«Черный август» не раз уже привлекал внимание исследователей и публицистов[142]
. Московская ордынщина посчитала, что двух литературных журналов для опального и всегда находившегося под подозрением Ленинграда слишком много, — и одного вполне довольно. Между прочим, в самом начале века в Петербурге одновременно выходило свыше десятка «толстых» литературных журналов, не говоря уже о массе иллюстрированных еженедельников. Постановление ЦК ВКП(б) о журналах «Звезда» и «Ленинград», принятое 14 августа, вместе с докладом Жданова, положило начало новой эпохи оледенения… Власть дала ясно понять, что она не потерпит никаких «идеологических шатаний»; затем был развязан жесточайший террор в отношении литературы и искусства. Нужно было дать «урок» творческой интеллигенции, почувствовавшей некоторое ослабление идеологической узды во время войны и в первый послевоенный год. Многие писатели разделяли иллюзию тех лет, надеясь на смягчение тоталитарного режима: «после войны всё будет по-другому…»К семилетию 1946–1953 гг. вполне и даже в еще большей степени применимы слова А. И. Герцена, называвшего так называемое «мрачное семилетие» (или «эпоху цензурного террора») 1848–1855 гг. «моровой полосой в истории России». В отчете Отдела агитации и пропаганды Смольного за 1946 г. «с удовлетворением» отмечалось: «В свете решений ЦК ВКП(б) была пересмотрена деятельность Союза писателей, его секций. Ленинградские писатели единодушно осудили порочную практику редакций журналов “Звезда” и “Ленинград”, приведшую к аполитичности, к проникновению на страницы этих журналов пошлых и враждебных советской идеологии произведений. Из членов Ленинградской писательской организации были исключены пошляки Зощенко и Ахматова <…> Коммунисты Ленинграда правильно оценили постановление ЦК, понимая, что значение этого документа выходит за пределы литературы. Собрания показали, что писатели Зощенко и Ахматова и ранее вызывали справедливое негодование многих коммунистов, что никакой опоры в массах эти несоветские писатели не имели <…> Вредное влияние Зощенко и Ахматовой успешно преодолевается, и идеологически чуждые и ошибочные произведения на страницах “Звезды” больше не появляются»[143]

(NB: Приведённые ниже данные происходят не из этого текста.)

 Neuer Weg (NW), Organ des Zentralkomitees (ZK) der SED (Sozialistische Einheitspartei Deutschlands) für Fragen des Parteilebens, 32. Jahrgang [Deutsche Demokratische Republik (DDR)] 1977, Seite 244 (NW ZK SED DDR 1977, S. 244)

.Еще бы… Каждая страничка журнала просматривалась буквально на просвет. Для него были выработаны особые условия прохождения в цензурных и партийных инстанциях. Не доверяя «ленинградским товарищам», допустившим такой «идеологический провал», в главные редакторы «Звезды» определен был А. М. Еголин, ортодоксальный критик и литературовед, занимавший высокий пост заместителя начальника Управления пропаганды и агитации ЦК. Ему ведь «и карты в руки»: именно он, вместе со своим непосредственным начальником, «выдающимся советским философом», академиком Г. Ф. Александровым, готовил материалы к постановлению ЦК и докладу Жданова. Сам Еголин в Ленинград приезжал очень редко; все материалы и верстки журналов доставлялись ему в Москву «спенпочтой». Таким образом, журнал проходил как минимум тройную цензуру: Ленгорлита, Обкома и ЦК партии. Справившись с поставленной задачей, окрасив «Звезду» в единственный разрешенный цвет — серый (впрочем, и другие журналы не отличались тогда разнообразием оттенков), Еголин через год передал бразды правления журналом критику В. П. Друзину; с 1957 г. пост главного редактора в течение 30 лет занимал прозаик Г. К. Холопов.
«Звезда», надо сказать, издавна, буквально с момента своего возникновения в 1924 г., постоянно вызывала неудовольствие властей и следовавшие затем строжайшие цензурные санкции — еще в 20—30-е годы[144]
. Менее известна цензурная судьба журнала в «послеавгустовскую» эпоху.Несмотря на суровые превентивные меры, журнал даже в страшное семилетие (1946–1953) умудрялся допускать отдельные «просчеты»: предугадать все извивы политики и идеологии редакция все же не могла… В ту пору вожди и герои, еще вчера прославляемые в печати, могли быть по указанию сверху, буквально на следующий день, объявлены «несуществующими». Так случилось, в частности, с А. А. Кузнецовым и П. С. Попковым, руководителями города в период блокады, осужденными и расстрелянными в 1950 г. по инспирированному «ленинградскому делу»[145]
. В связи с упоминанием их имен изъятию подверглись два номера журнала за 1947–1948 гг. (подробнее об этой истории см. раздел «Блокадная тема в цензурной блокаде»).